PrintStatusAttributes(resultSet.StatusAttributes);
Console.WriteLine();
}
}
// Exit program
Console.WriteLine("Done. Press any key to exit...");
Console.ReadLine();
}
private static Task<ResultSet<dynamic>> SubmitRequest(GremlinClient gremlinClient, KeyValuePair<string, string> query)
{
try
{
return gremlinClient.SubmitAsync<dynamic>(query.Value);
}
catch (ResponseException e)
{
Console.WriteLine("\tRequest Error!");
// Print the Gremlin status code.
Console.WriteLine($"\tStatusCode: {e.StatusCode}");
// On error, ResponseException.StatusAttributes will include the common StatusAttributes for successful requests, as well as
// additional attributes for retry handling and diagnostics.
// These include:
// x-ms-retry-after-ms : The number of milliseconds to wait to retry the operation after an initial operation was throttled. This will be populated when
// : attribute 'x-ms-status-code' returns 429.
// x-ms-activity-id : Represents a unique identifier for the operation. Commonly used for troubleshooting purposes.

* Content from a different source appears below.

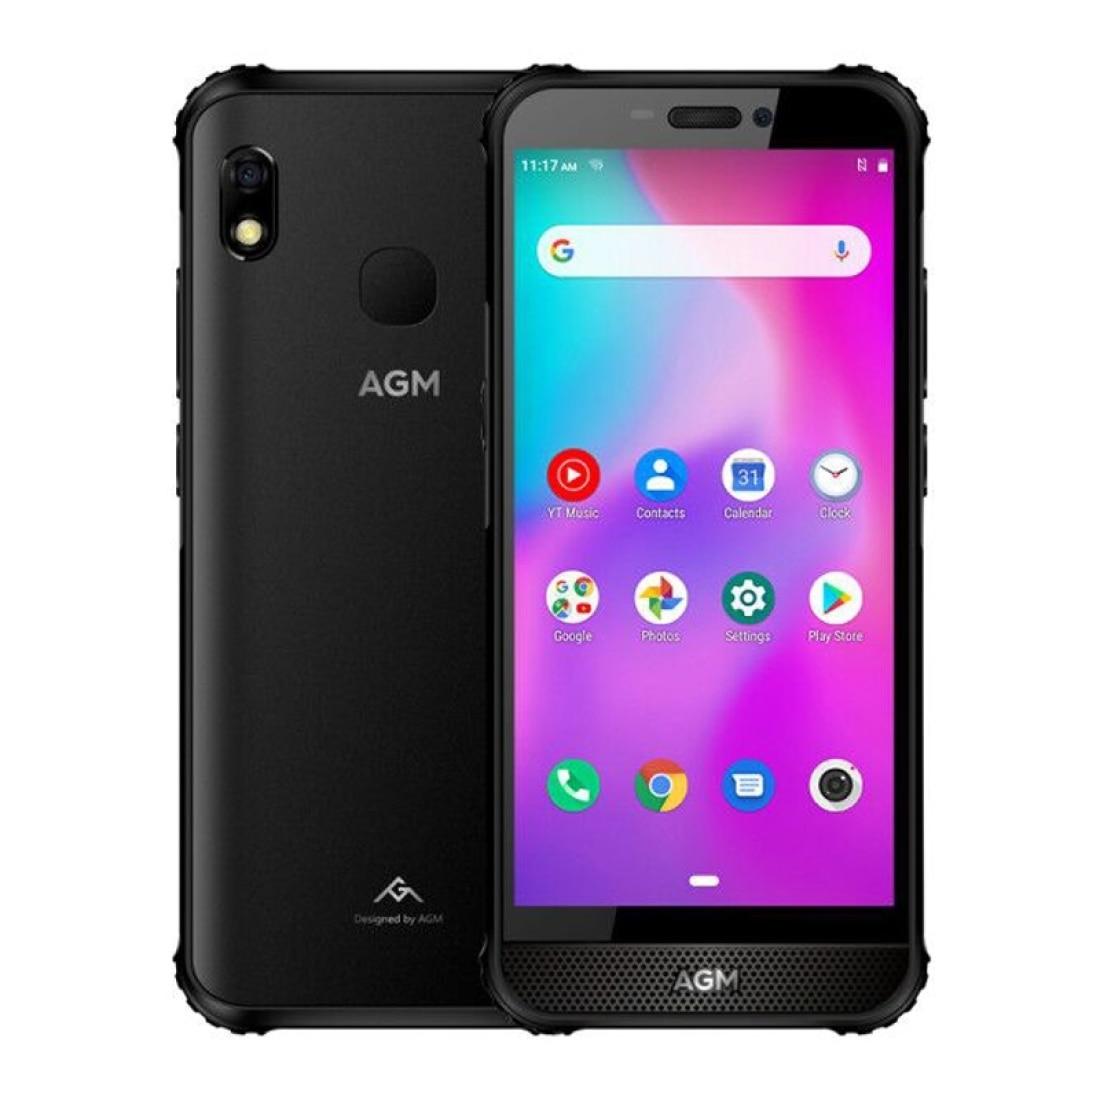 Смартфон AGM A10 защищенный, 4 + 64 ГБ, Android 9, 5,7 дюйма, NFC, 13 МП, 4400 мАч

PrintStatusAttributes(e.StatusAttributes);
Console.WriteLine($"\t[\"x-ms-retry-after-ms\"] : { GetValueAsString(e.StatusAttributes, "x-ms-retry-after-ms")}");
Console.WriteLine($"\t[\"x-ms-activity-id\"] : { GetValueAsString(e.StatusAttributes, "x-ms-activity-id")}");
throw;
}
}
private static void PrintStatusAttributes(IReadOnlyDictionary<string, object> attributes)
{
Console.WriteLine($"\tStatusAttributes:");
Console.WriteLine($"\t[\"x-ms-status-code\"] : { GetValueAsString(attributes, "x-ms-status-code")}");
Console.WriteLine($"\t[\"x-ms-total-request-charge\"] : { GetValueAsString(attributes, "x-ms-total-request-charge")}");
}
public static string GetValueAsString(IReadOnlyDictionary<string, object> dictionary, string key)
{
return JsonConvert.SerializeObject(GetValueOrDefault(dictionary, key));
}
public static object GetValueOrDefault(IReadOnlyDictionary<string, object> dictionary, string key)
{
if (dictionary.ContainsKey(key))
{
return dictionary[key];
}
return null;
}
}
}
// Originally from https://github.com/Azure-Samples/azure-cosmos-db-graph-gremlindotnet-getting-started/blob/master/GremlinNetSample/Program.cs
Combined with the new 400 RU minimum database level which can be shared across all containers within a database, the Cosmos DB team really are taking away all of the barriers to entry.
Thanks to Rimma Nehme & Shireesh Thota for this info!